• What to do
Leave out the pictures, and copy exactly the lines from the line with "Randall Kipp, Lauren" through the last line of the data below.

• Dataset excerpt
++++++++
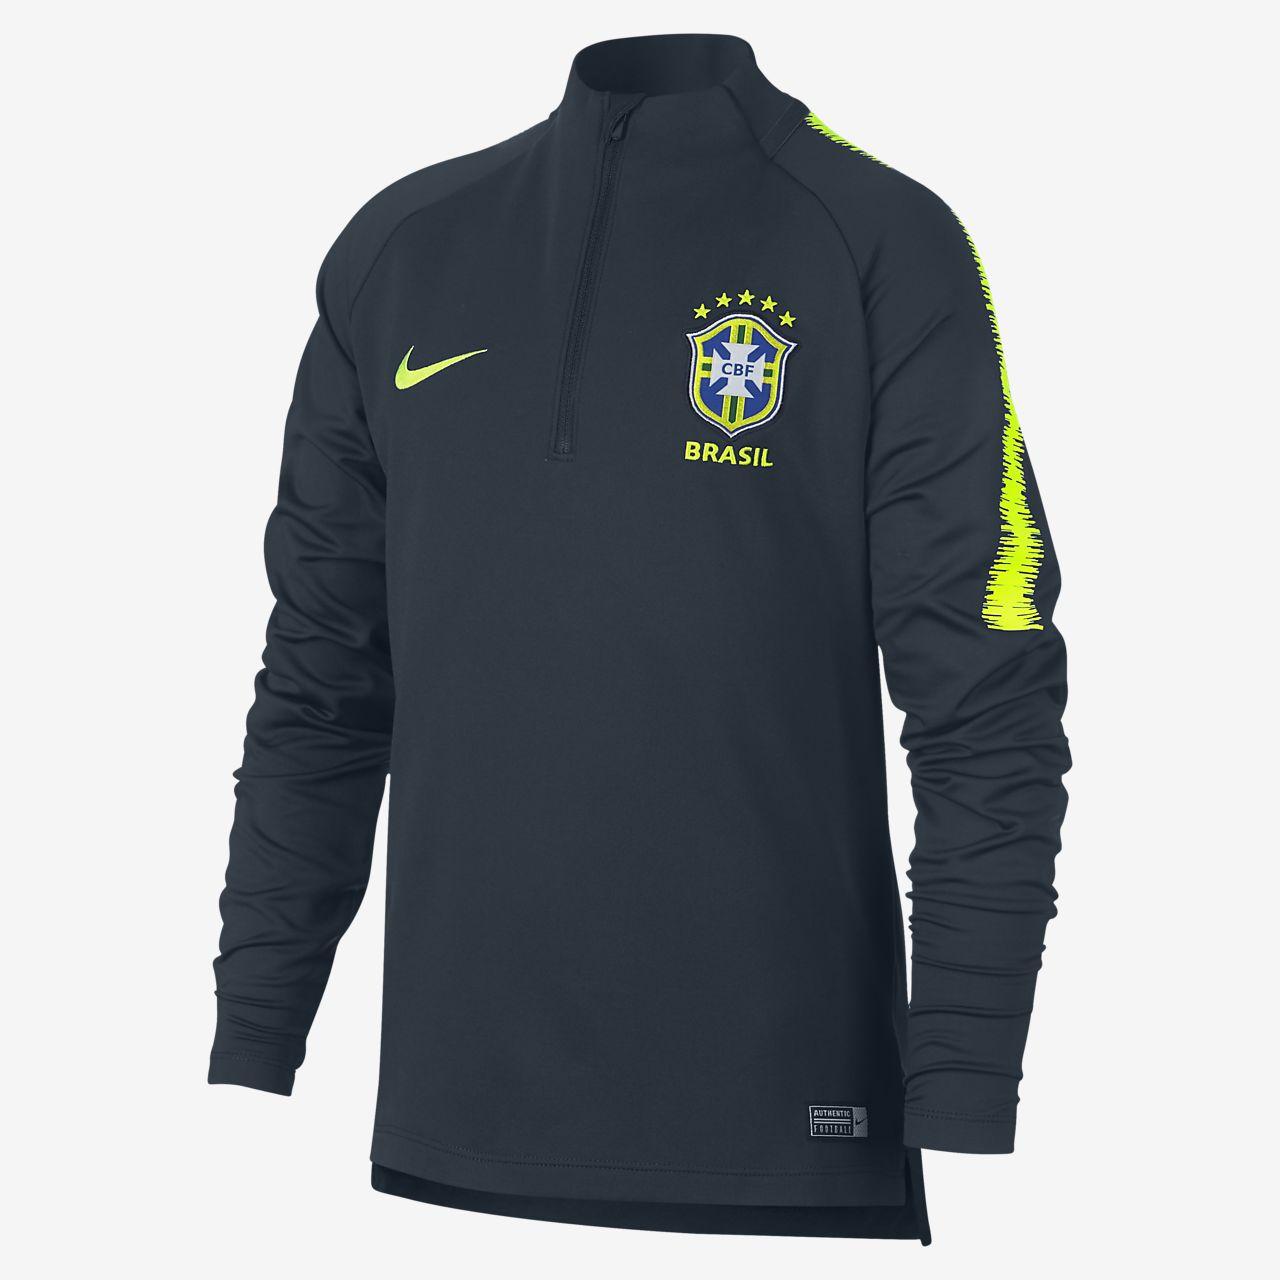 5621cc1323 ... Top de fútbol de manga larga para niños talla grande Brasil CBF Dri-FIT  Squad
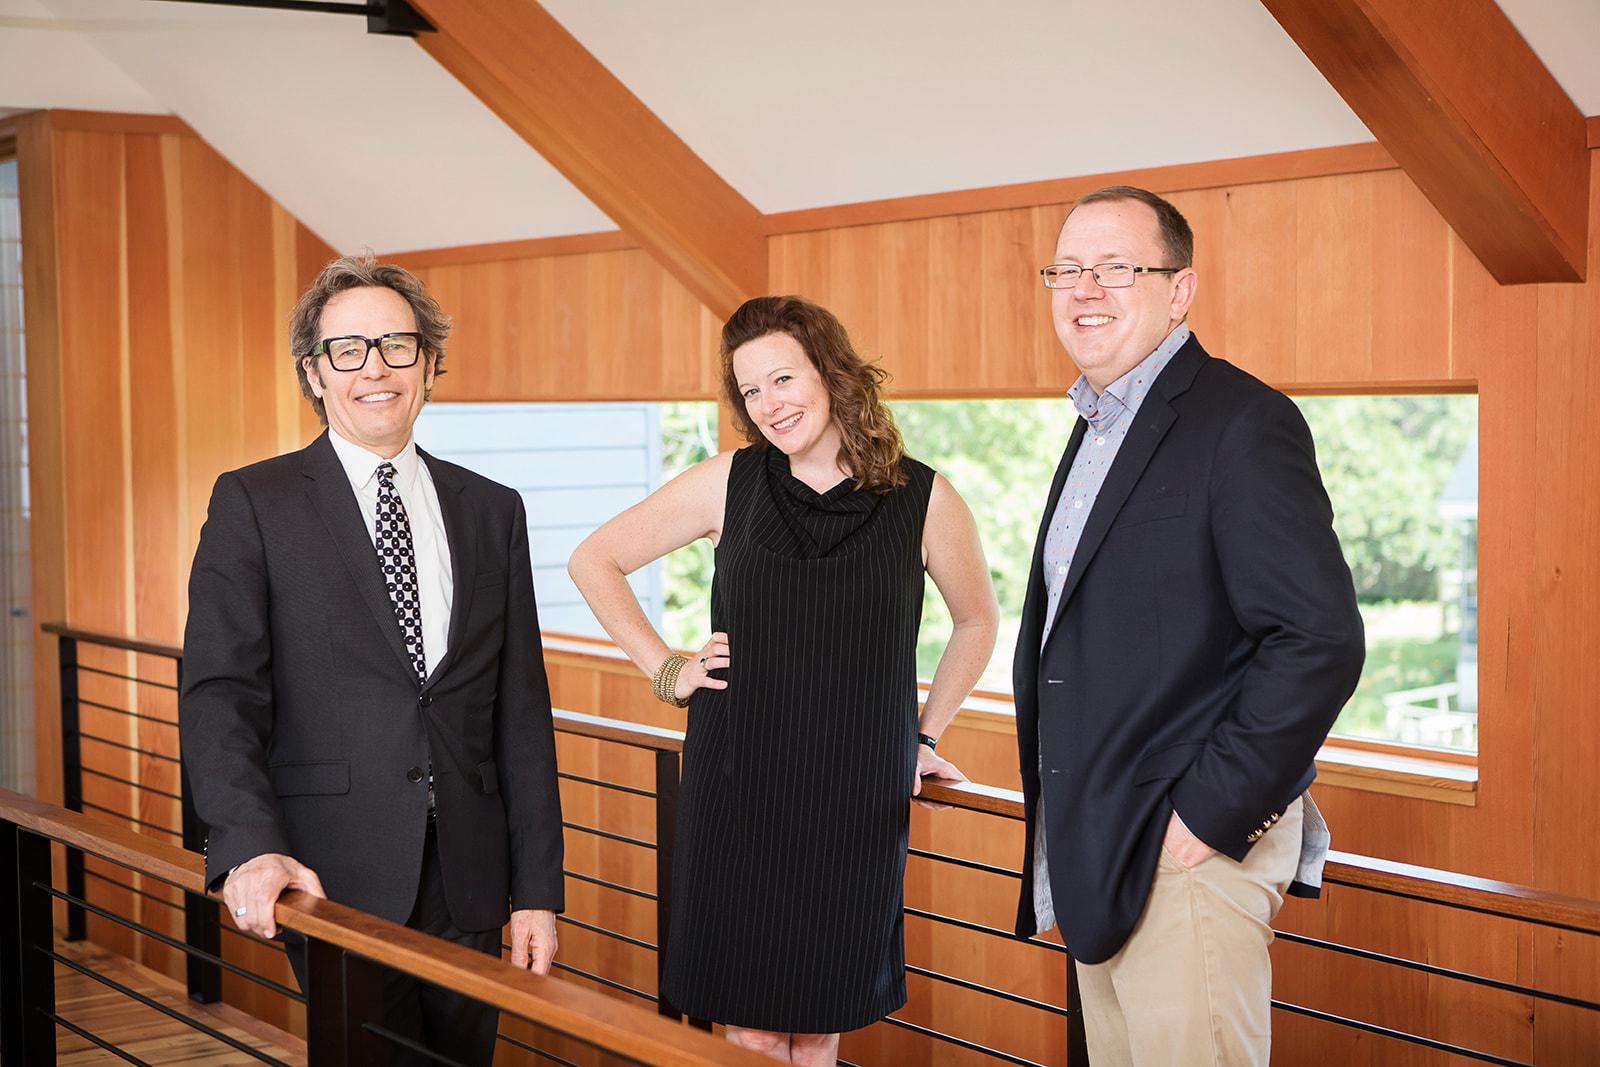 Randall Kipp, Lauren Davenport, and Keith Meberg
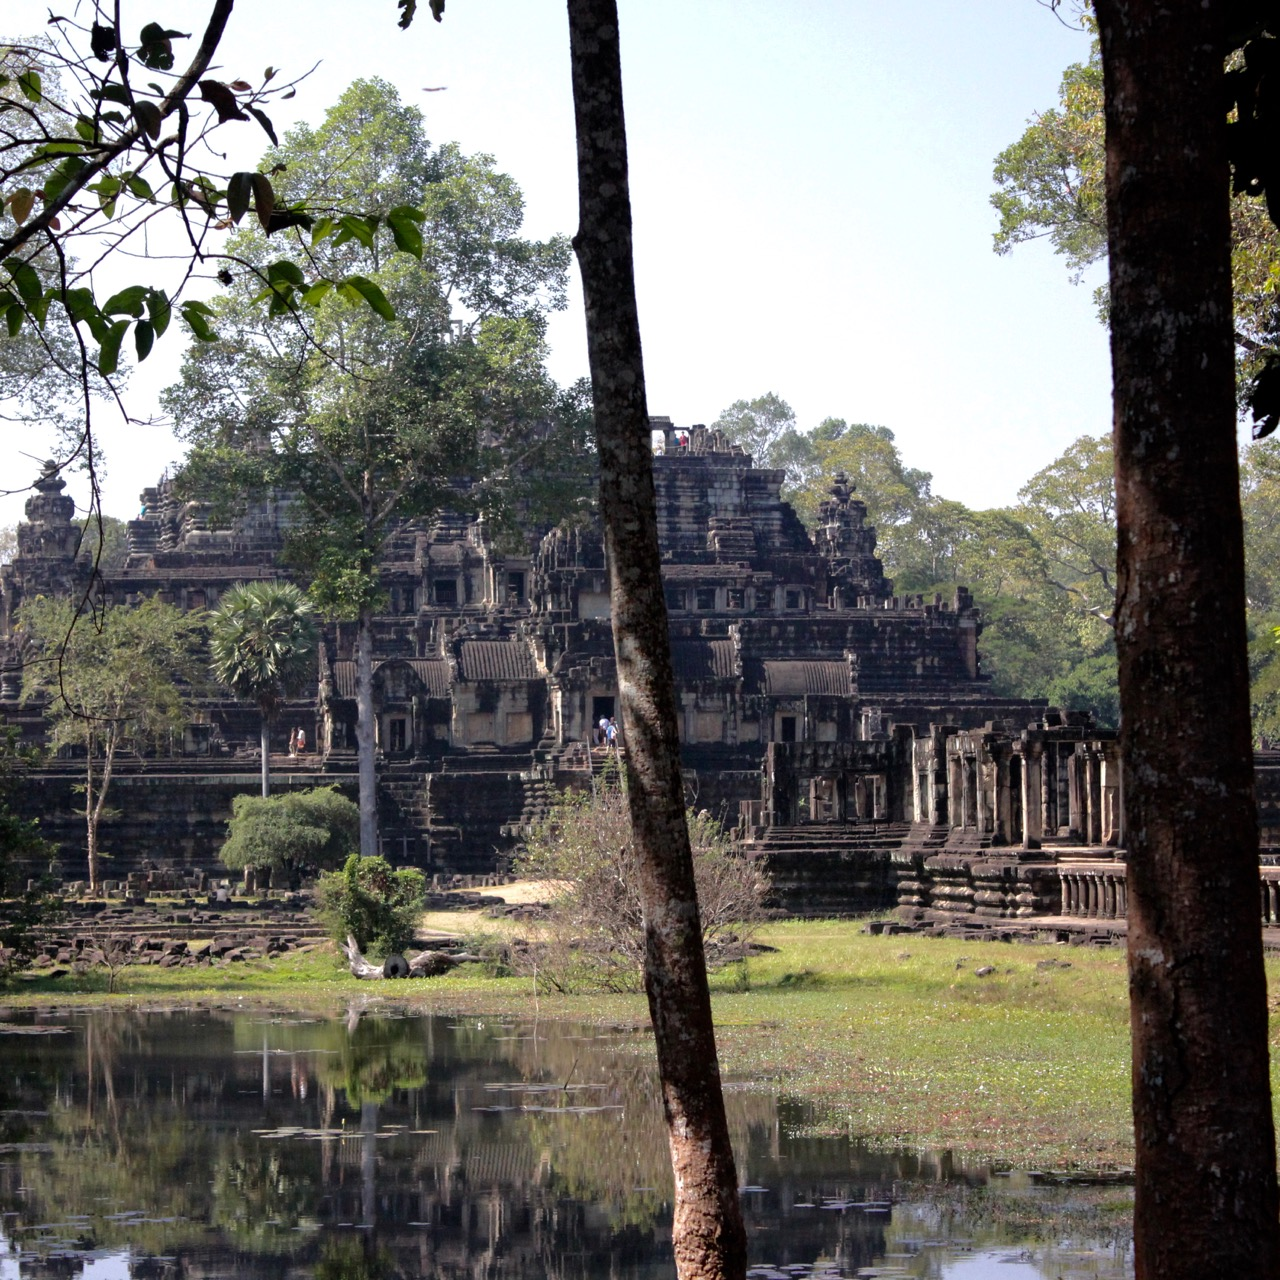 Angkor Wat, Siem Reap, Cambodia - 20
++++++++
• Worked solution
 Randall Kipp, Lauren Davenport, and Keith Meberg
 Angkor Wat, Siem Reap, Cambodia - 20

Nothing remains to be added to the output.